At Ternium Brazil, for instance, approximately 12% of the volume of steel slabs produced monthly comes from the increase of output provided using scrap.
Increasing productivity is not the only benefit of scrap utilization by the metallurgical industry. The practice is environmentally beneficial, with a reduction in carbon dioxide (CO2) emissions, energy, water, and non-renewable resources such as iron ore, coal, and limestone. Sustainability lies in the reuse of internal and external waste and co-products.
“The goal for the 2020/2021 two-year period is to use 92,000 tons of scrap per month for metal production. The use of waste is essential to increase our production,” says Leonardo Demuner, Steelworks General Manager.

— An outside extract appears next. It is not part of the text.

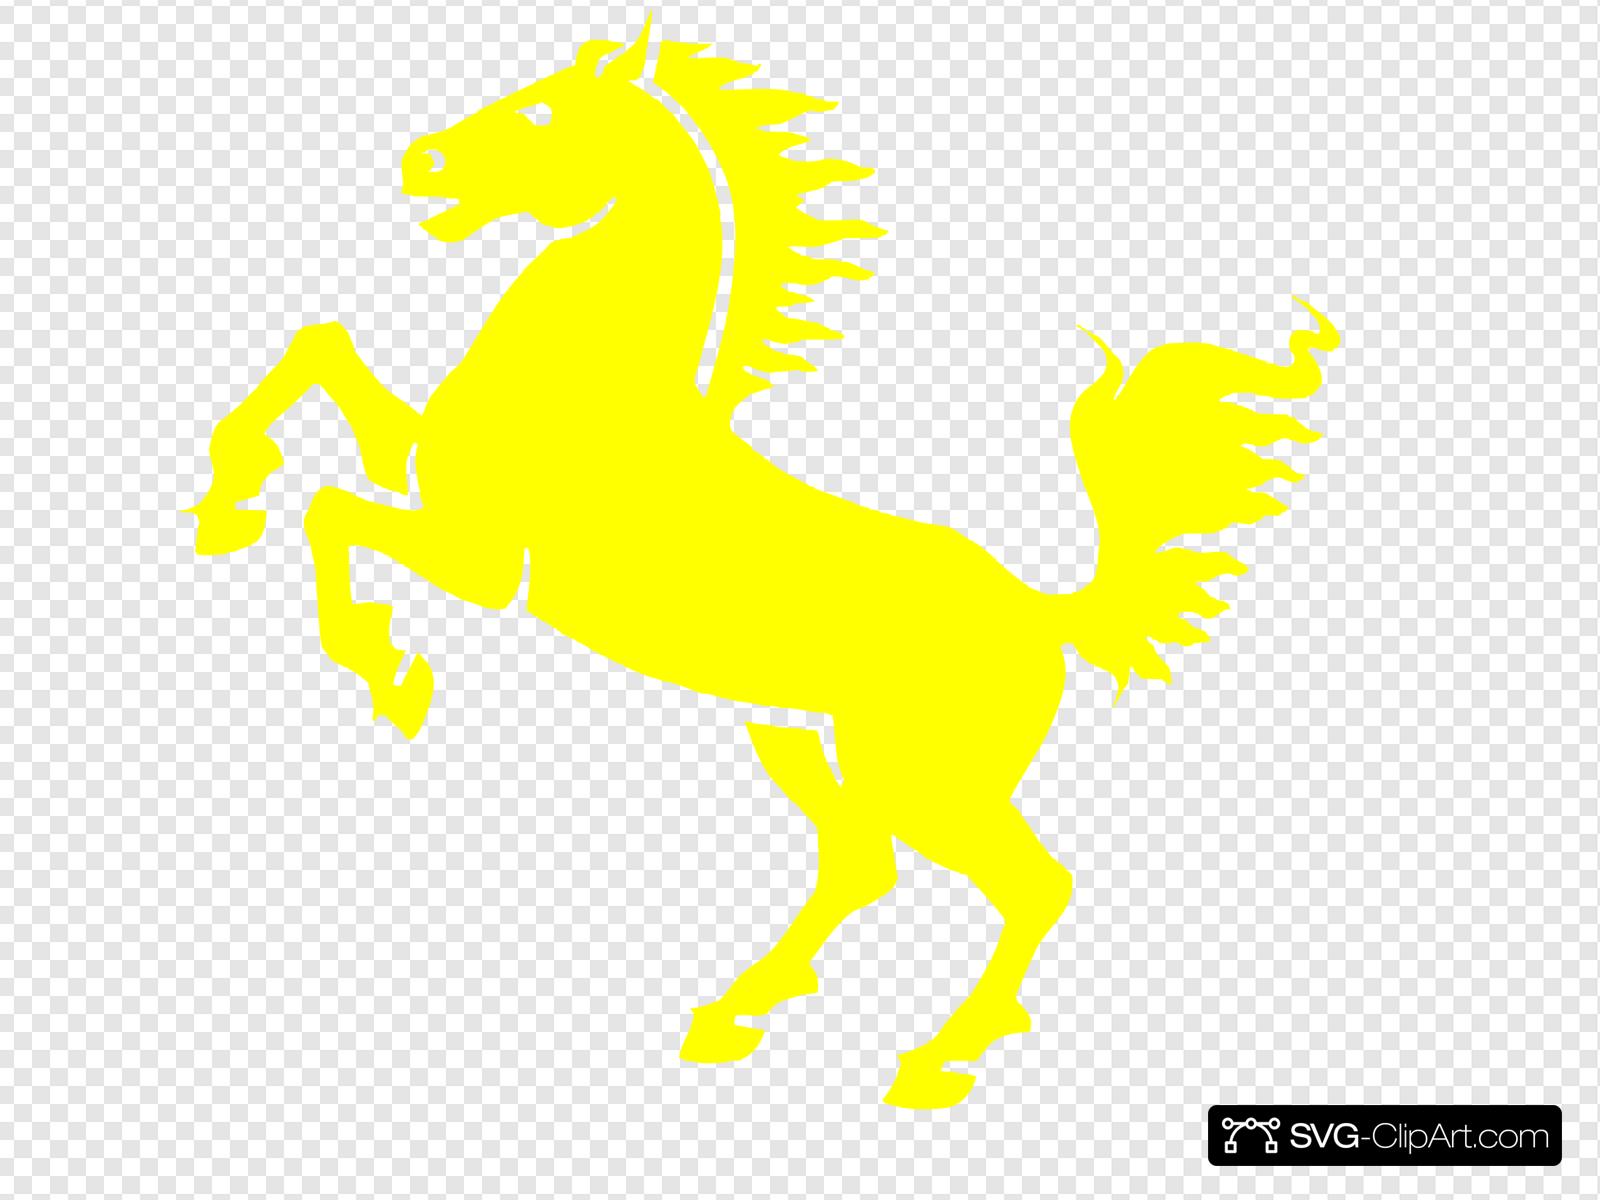 Yellow Mustang Clip art, Icon and SVG

Ternium recycles domestic, external, or industrial scrap. The plates end, obsolete consumer and capital goods for use, equipment, and slag waste steel, and cast iron rejected due to poor quality are of domestic origin. The foreign scrap comes from the processes of other industries, foundries, and obsolete goods, such as pipes, beams, and metal profiles, as well as equipment, automobiles, and appliances.
The internal scraps go through processing, breaking, and cutting plants to adapt the density, grain size, and metal content. The processing capacity is 25 thousand tons per month. The external is purchased already processed, going through the process of segregation to adapt to the steel fabrication recipe. The quality of the final product is a constant concern of Ternium as the company produces high-quality steel for the automotive industry. The used material is under strict control, as explained by the General Manager of the Steelworks. “Scrap can influence the quality of steel, but we control the type of scrap we buy, inspect the ones we receive, and define the mix that can be used for each type of steel produced, thus preventing contamination and ensuring quality.”
The steel mill’s current storage capacity is 35,000 tons, but an average of 50,000 tons per month is handled for consumption in the furnace converters where the transformation of pig iron and scrap into liquid steel takes place.